"He will be out of the house before we are up," she said in a tone of certainty. "Go to bed, dear boy, and never let him trouble your peace again."
"But I will trouble his peace," answered Marcantonio, bending his smooth brows.
"We will see about that afterwards," said Diana. "If you think best to fight him, I will not oppose you; but we will talk about it. We cannot talk now. Good-night my dear, dear brother."
She kissed him on the forehead and held both his hands for a moment, and then led him away. He obeyed mechanically, and they parted for the night.
Diana often wished her brother were a stronger man in the ordinary things of life, but she knew that he was honest, and no coward in danger, and that he always spoke the truth and kept his word. It was his fault that he always imagined every one to be as honest as himself until the contrary was proved,—after which he never trusted the man again.
Diana went slowly to her room and locked the door behind her. With a candle in her hand she entered the boudoir and looked round upon the scene of the catastrophe. The glass of the long window was still open, and the refractory blinds still closed, the bolts rusted in, beyond her strength to draw them. The servants had raised the desk upright and washed away the ink from the tiles; there was no trace of disorder visible. She could hardly realise that in this neat room, that very day, only a few hours ago, she had passed through one of the most terrible experiences of her life.
She sat down in the chair before the desk and bent her queenly head. She had done her best for the right through that day, but it had all gone by so very quickly that she doubted whether she had done wisely. It seemed as though the burden of it all rested upon her—of the right and of the wrong; and the burden was very heavy. May God in his mercy give strength and courage to all brave women doing the right!
I think that ordinary women have more moral vanity than ordinary men; but that very good men have more of it than very good women. A good man always seems to have a conviction of goodness, to be quite sure when he has done right, and to enjoy the sense of having done it. A woman's sympathies are wider and reach further than a man's. When she has done her best, there always is something more that she would do if she could, and until that is done also she can never feel the comfortable delight in godliness experienced by man, the grosser creature, who hedges his possibilities more closely, and gets rid of his superfluous aspirations by the logical demonstration of the unattainable. But the sphere of ordinary women is narrower, and their sympathies are dispersed in a greater multiplicity and divergence of small channels, so that a little goodness, a little easy charity with a pretty name, is a luscious titbit to the tongue that speaketh vanity.

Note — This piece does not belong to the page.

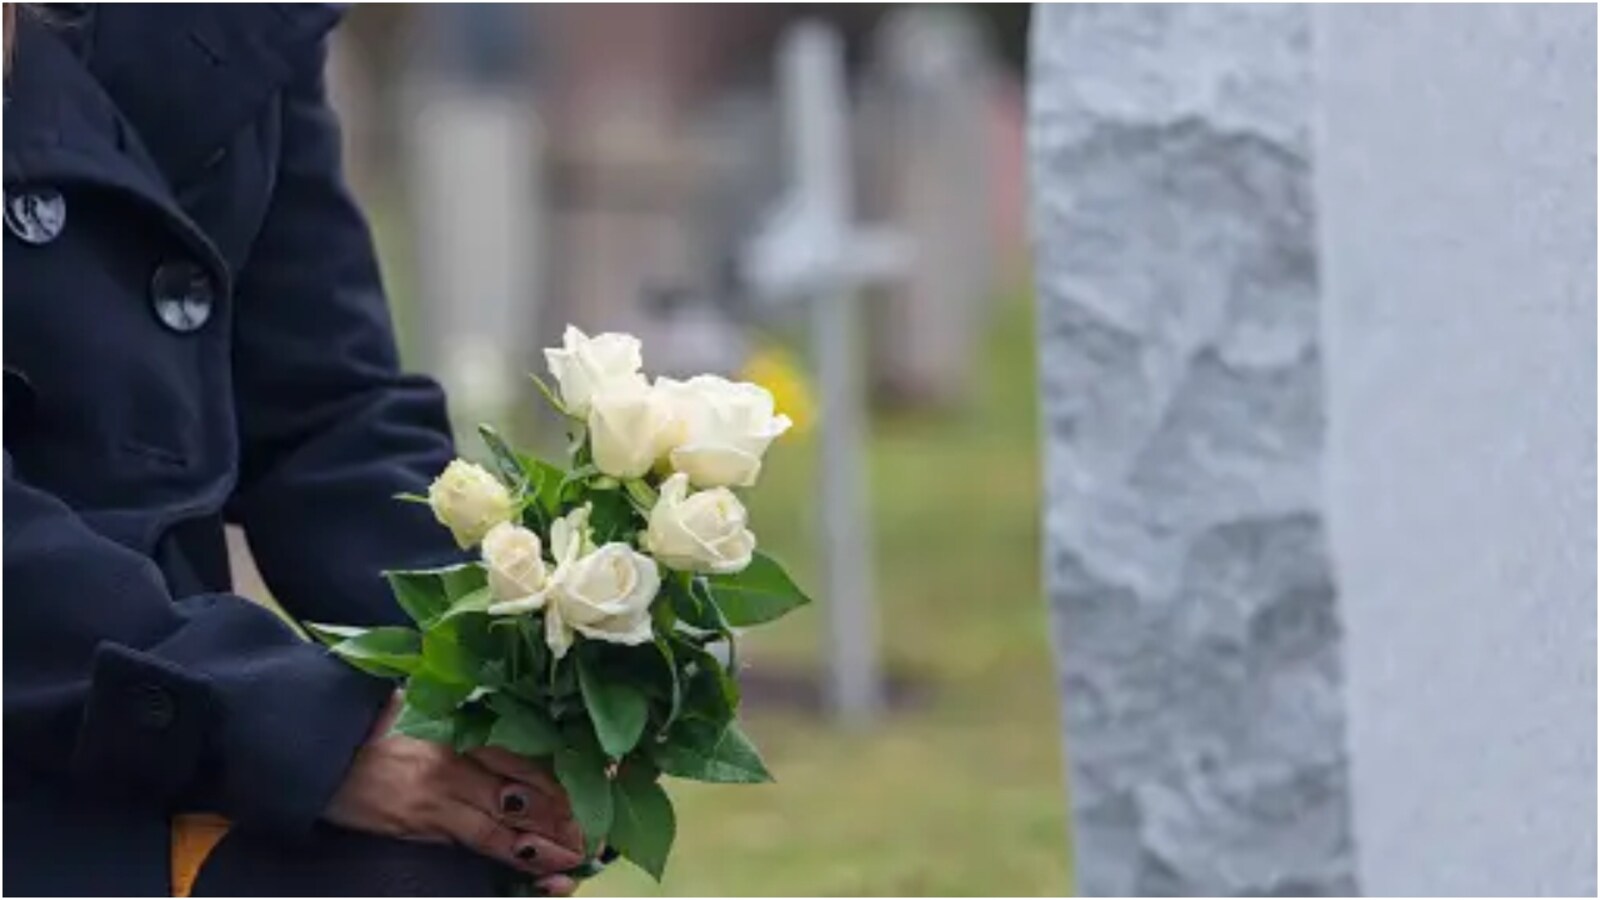 World's Oldest Man' Jose Paulino Gomes Dies At 127, Few Days
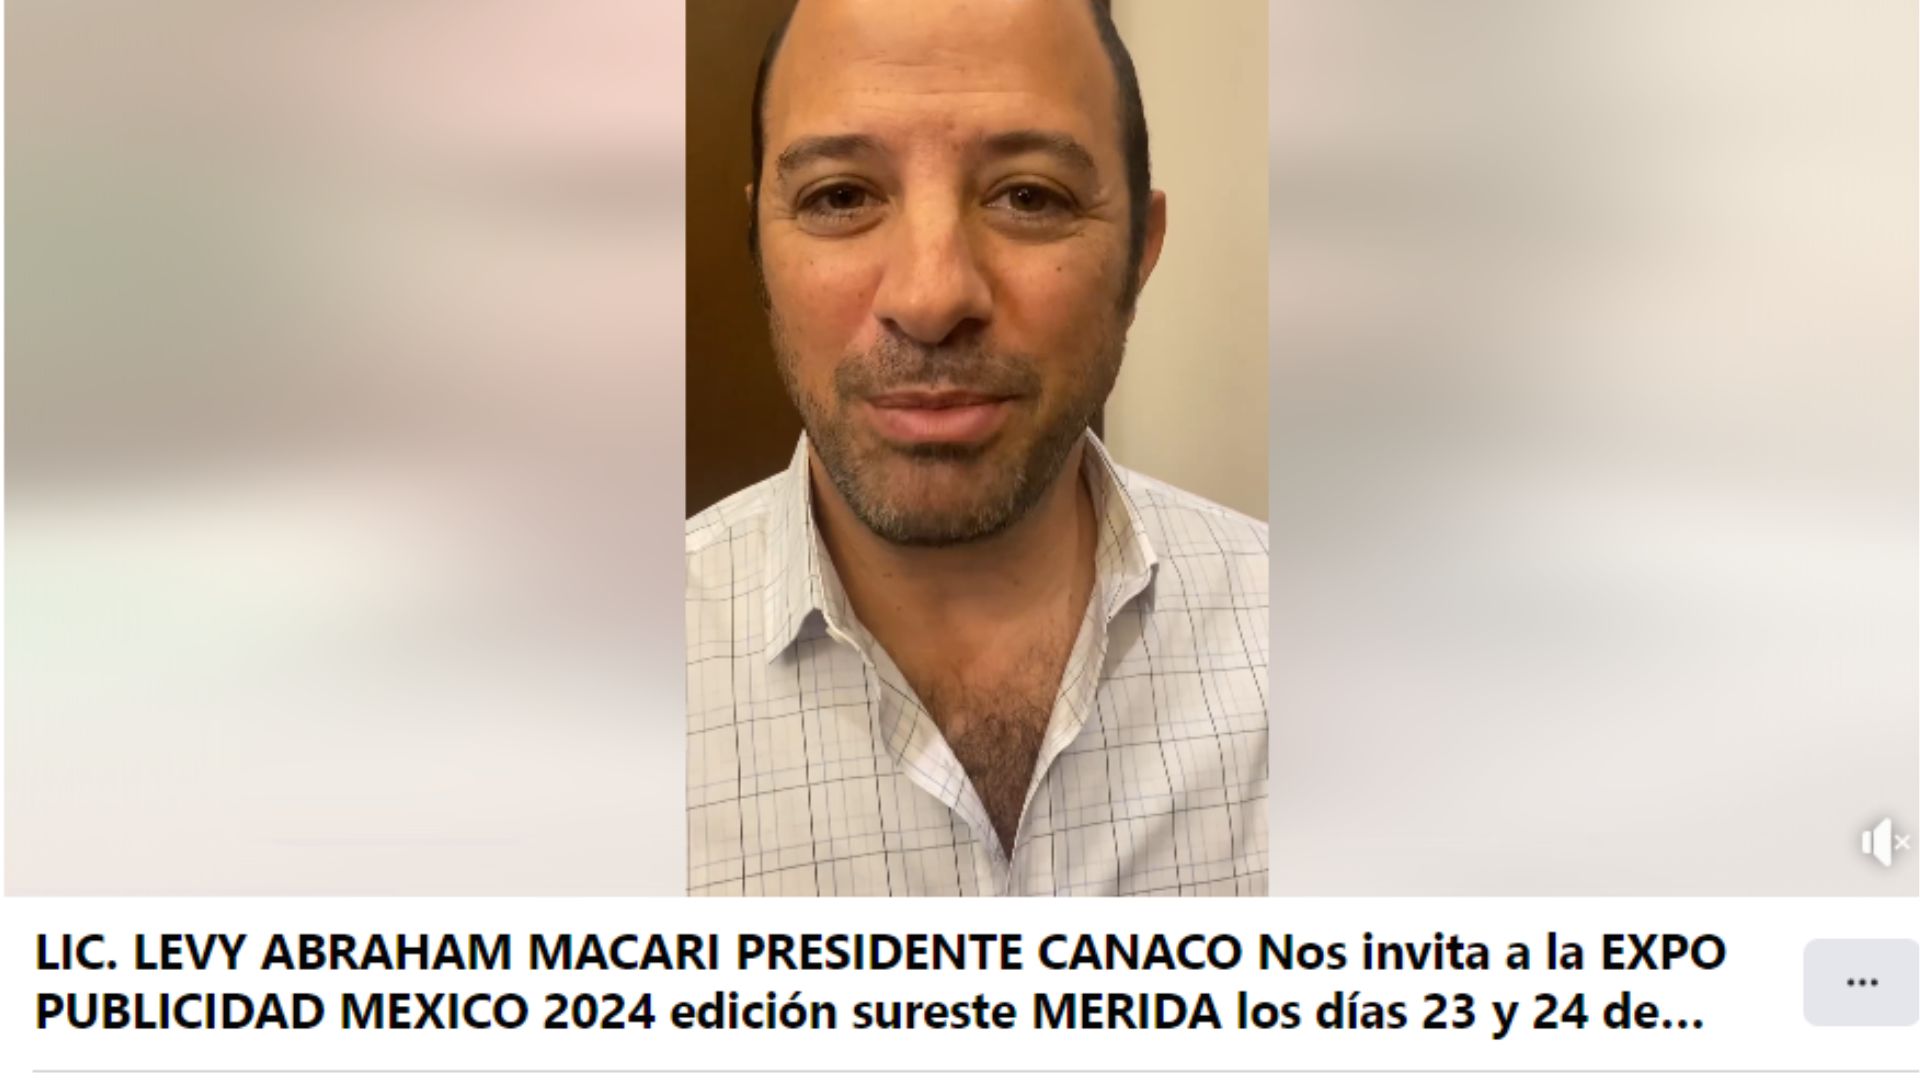 LIC. LEVY ABRAHAM MACARI PRESIDENTE CANACO Nos invita a la EXPO PUBLICIDAD MEXICO 2024 edición sureste MERIDA los días 23 y 24 de Febrero de 2024

It was a dreary night to every one of the four,—least of all perhaps to Julius Batiscombe, whose fierce temper was thoroughly roused and would not be calmed again for days, giving him a kind of wicked satisfaction while it lasted. He spent most of the night at his window, smoking and going over the scenes of the day, and the scenes of the future. His mind ran in the direction of fighting,—to fight any one or anything would be a rare satisfaction; and ever as he fancied some struggle possible the hot blood rushed to his temples and longed for action, so that he bit his cigar through and through, and clasped his hands together till the veins stood out like ropes. He slept a little at last, and dreamed savage dreams of hand-to-hand combat, and woke with the roar of cannon in his ears. For he was a man of exaggerated fancies when his brain worked unconsciously, like many men who have ended in celebrity or in insane asylums.
The roar of the guns was only a servant knocking at his door, with hot water and a note. He saw Diana's handwriting, and suspected a new move, so that he was not altogether astonished by the contents. He understood that she had made Marcantonio sign her writing—by what means he could not tell—in order to force the position. There was evidently nothing to be done but to go. He would not have left the villa for anything Diana could have said, in his present humour, but it was impossible to bid defiance to the master of the house. Besides, he supposed that since Carantoni had invited him to leave, Diana had said something which would lead to a challenge from her brother, which could naturally not be delivered under his own roof.